_Information shown_:
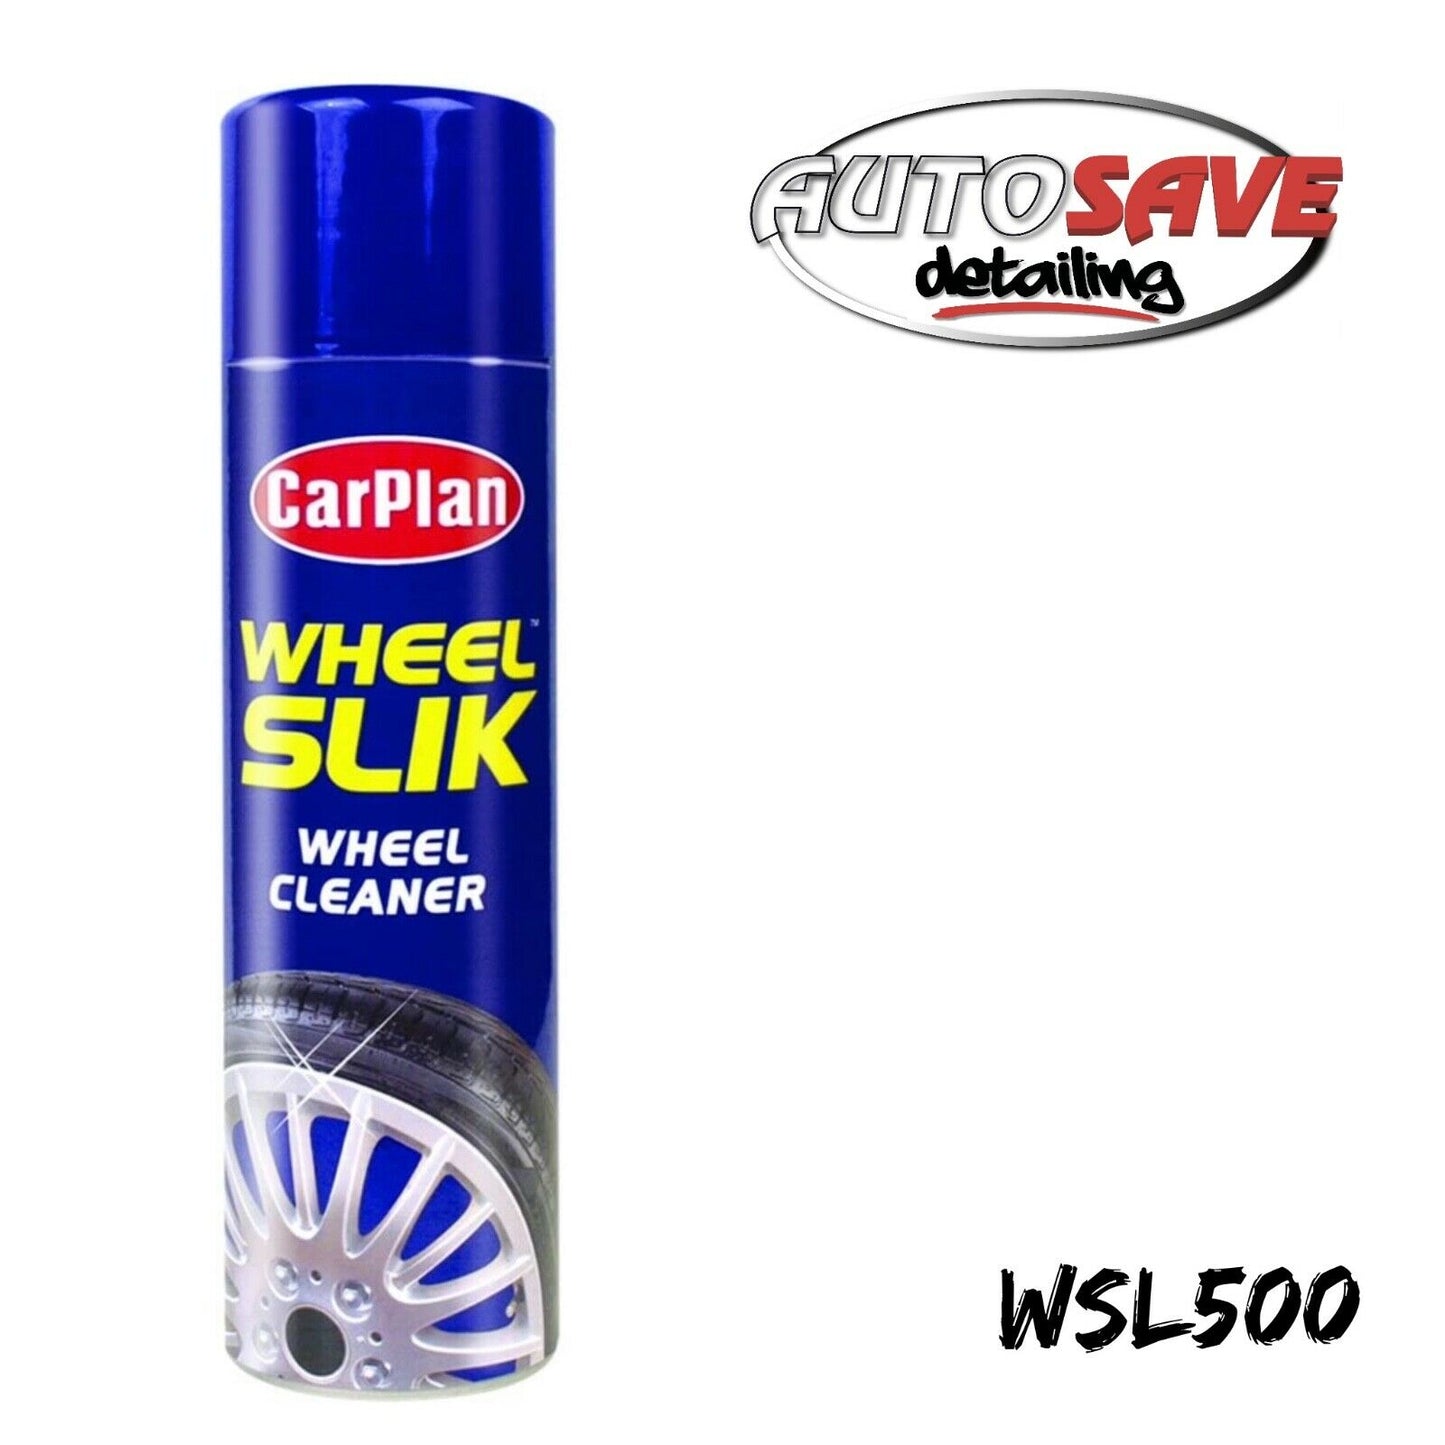 Carplan Wheel Slik Wheel Cleaner 500ml Auto Car Cleaning Shine Tyres
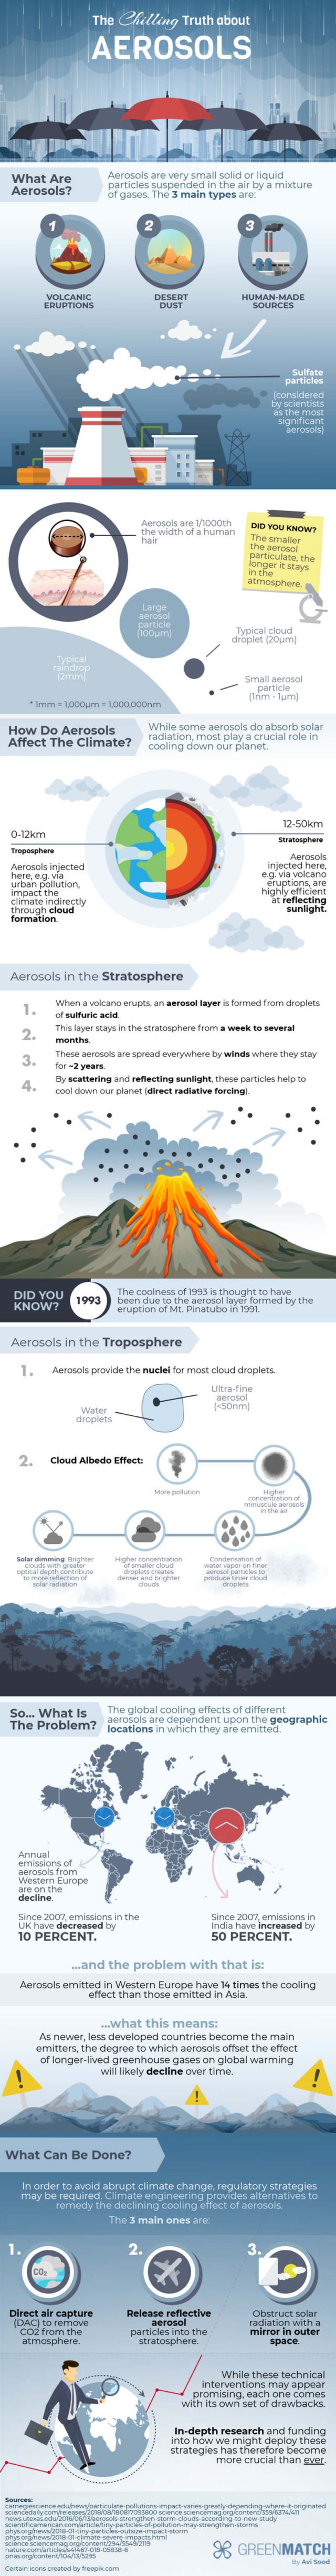 Aerosols vs Global Warming - infographic
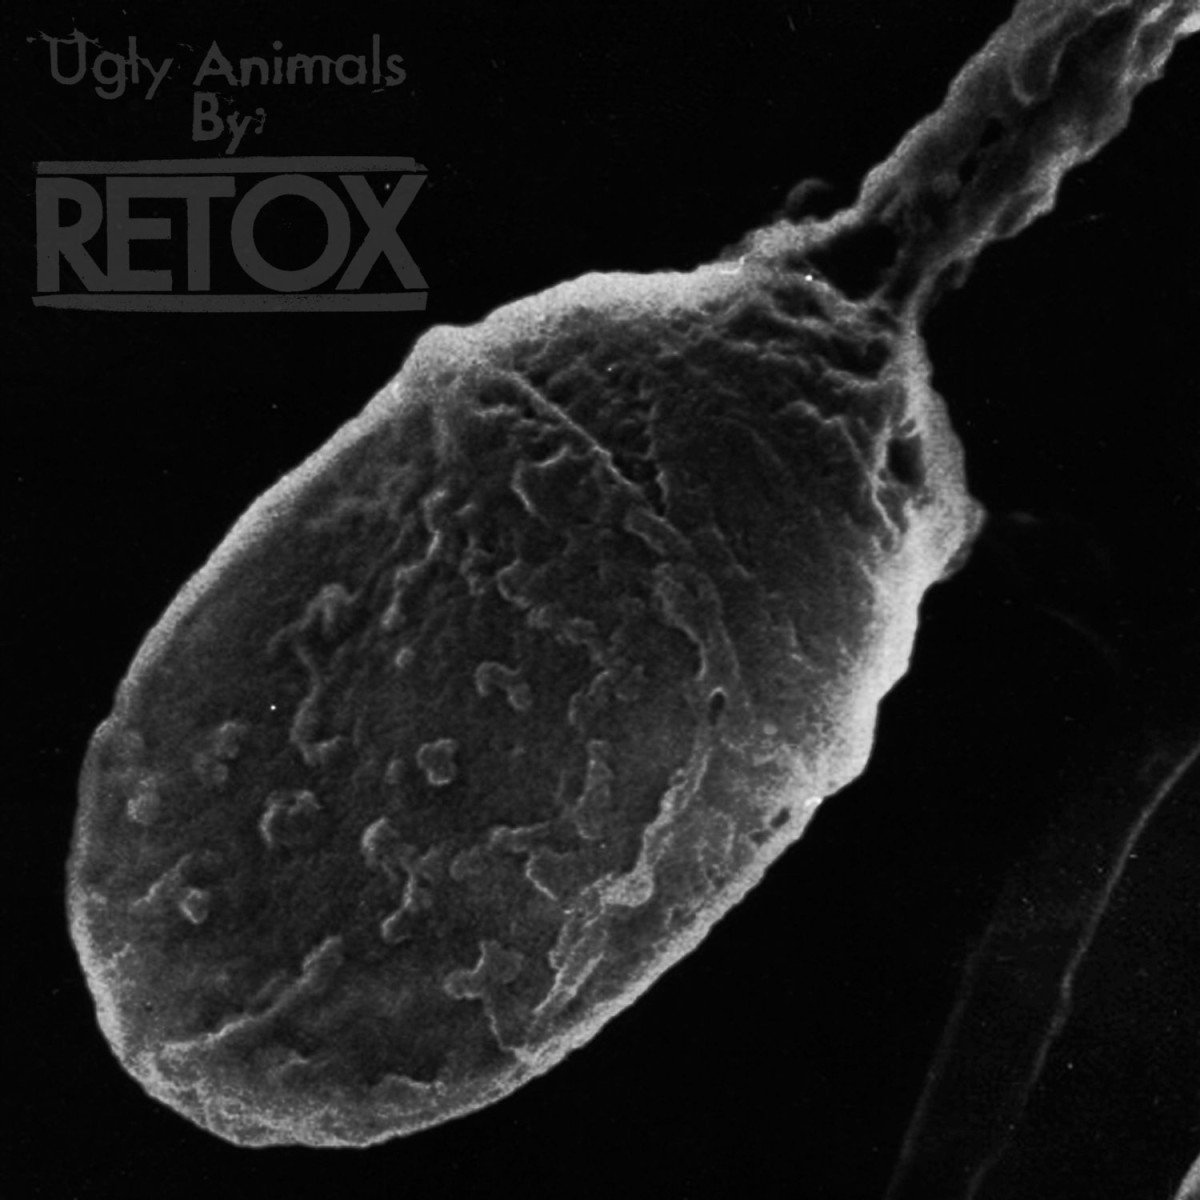 Retox - Ugly Animals (CD)

_What is needed_: What you give back must match the material above exactly, minus its pictures.

_Expected output_:
 Carplan Wheel Slik Wheel Cleaner 500ml Auto Car Cleaning Shine Tyres
 Aerosols vs Global Warming - infographic
 Retox - Ugly Animals (CD)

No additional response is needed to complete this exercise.